Search code examples
excelpowerbipowerquerypowerbi-desktopm

Combining PDFS of slightly different formats using Power Query


I have these PDFs files and I want to extract the values in red and arrange them in a tabular form as shown below. I have attached the 3 sample PDFs in the link below. My problem is that sometimes the format of the PDFs add spaces between the tables and the DATE needs to be extracted and put in a column. The DATE is currently not in a table.

Is there a way I can combine the 3 sample PDFs in a single file using PowerQuery?
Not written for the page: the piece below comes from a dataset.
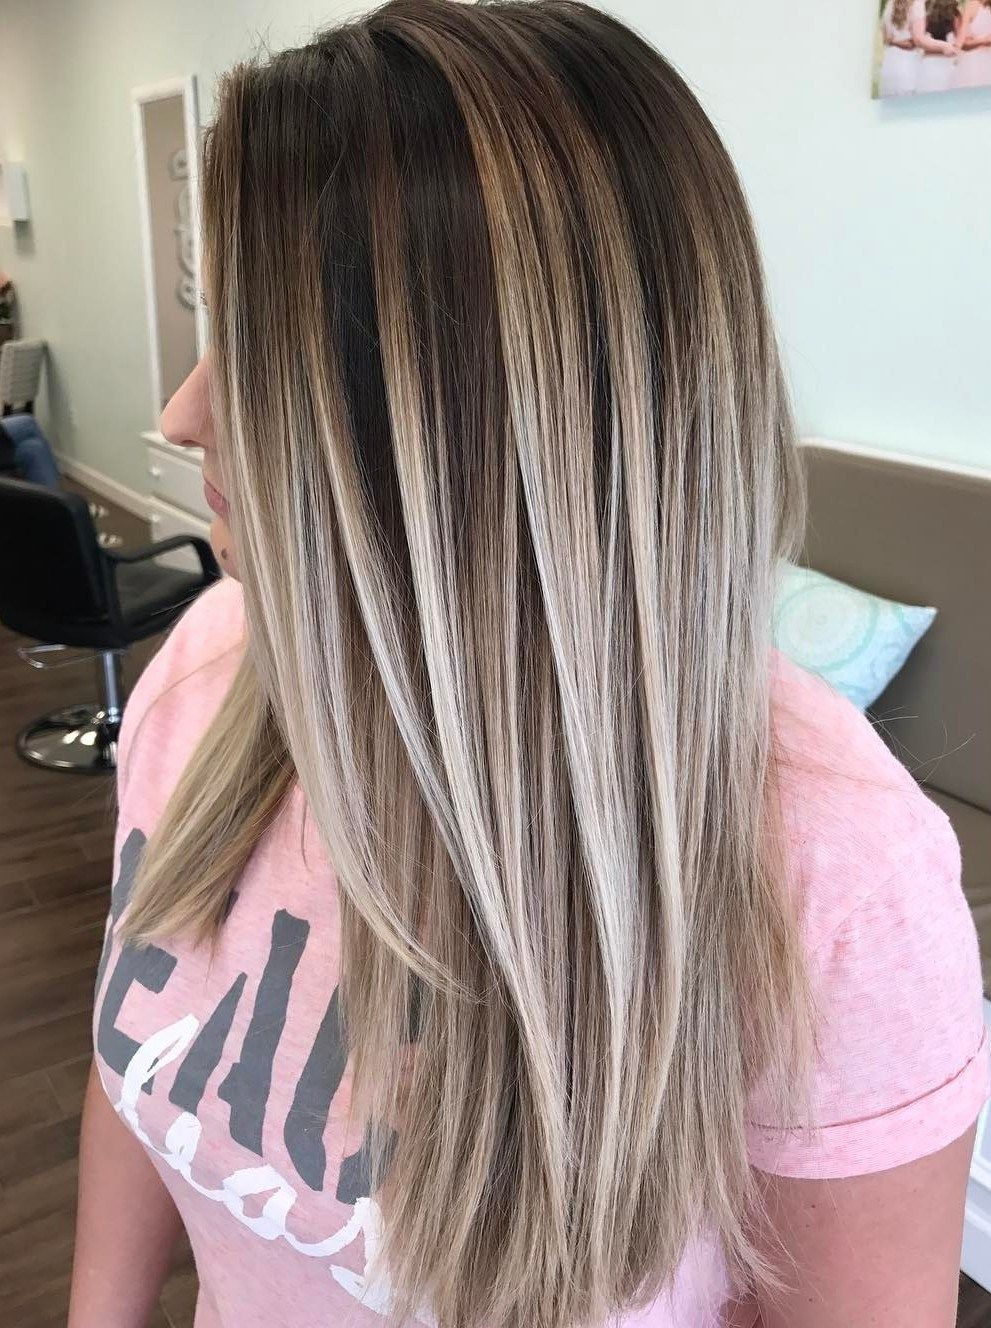 70 Flattering Balayage Hair Color Ideas For 2020 Balayage Straight Hair Hair Styles Hair Painting

Thanks for the anticipated help.

https://gofile.io/d/iNtyNc

enter image description here


Solution

  • enter image description here

    let
        Source = Folder.Files("C:\Users\Dav\Downloads\test"),
        #"Filtered Rows" = Table.SelectRows(Source, each [Extension] = ".pdf"),
        #"Added Custom" = Table.AddColumn(#"Filtered Rows", "Custom", each Pdf.Tables([Content], [Implementation="1.3"])),
        #"Added Custom1" = Table.AddColumn(#"Added Custom", "Custom.1", each [Custom]{[Id="Page001"]}[Data]),
        #"Removed Other Columns" = Table.SelectColumns(#"Added Custom1",{"Custom.1"}),
        #"Expanded Custom.1" = Table.ExpandTableColumn(#"Removed Other Columns", "Custom.1", {"Column1", "Column2", "Column3", "Column4", "Column5", "Column6", "Column7", "Column8"}),
        #"Added Custom2" = Table.AddColumn(#"Expanded Custom.1", "Custom", each let a = Record.ToList(_),
    b = if [Column1] = null then List.Transform(a, each try DateTime.FromText(_) otherwise null) else {},
    c = List.First( List.RemoveNulls(b))
    in c),
        #"Filled Down" = Table.FillDown(#"Added Custom2",{"Custom"}),
        #"Filtered Rows1" = Table.SelectRows(#"Filled Down", each [Column4] <> null),
        #"Filtered Rows2" = Table.SelectRows(#"Filtered Rows1", each [Column1] <> "Data"),
        #"Filtered Rows3" = Table.SelectRows(#"Filtered Rows2", each [Column1] <> "Data2"),
        #"Removed Columns" = Table.RemoveColumns(#"Filtered Rows3",{"Column7", "Column8"}),
        #"Renamed Columns" = Table.RenameColumns(#"Removed Columns",{{"Column1", "Data"}, {"Column2", "Test"}, {"Column3", "Test_YTD"}, {"Column4", "Test2"}, {"Column5", "Pai"}, {"Column6", "Temp"}, {"Custom", "Date"}})
    in
        #"Renamed Columns"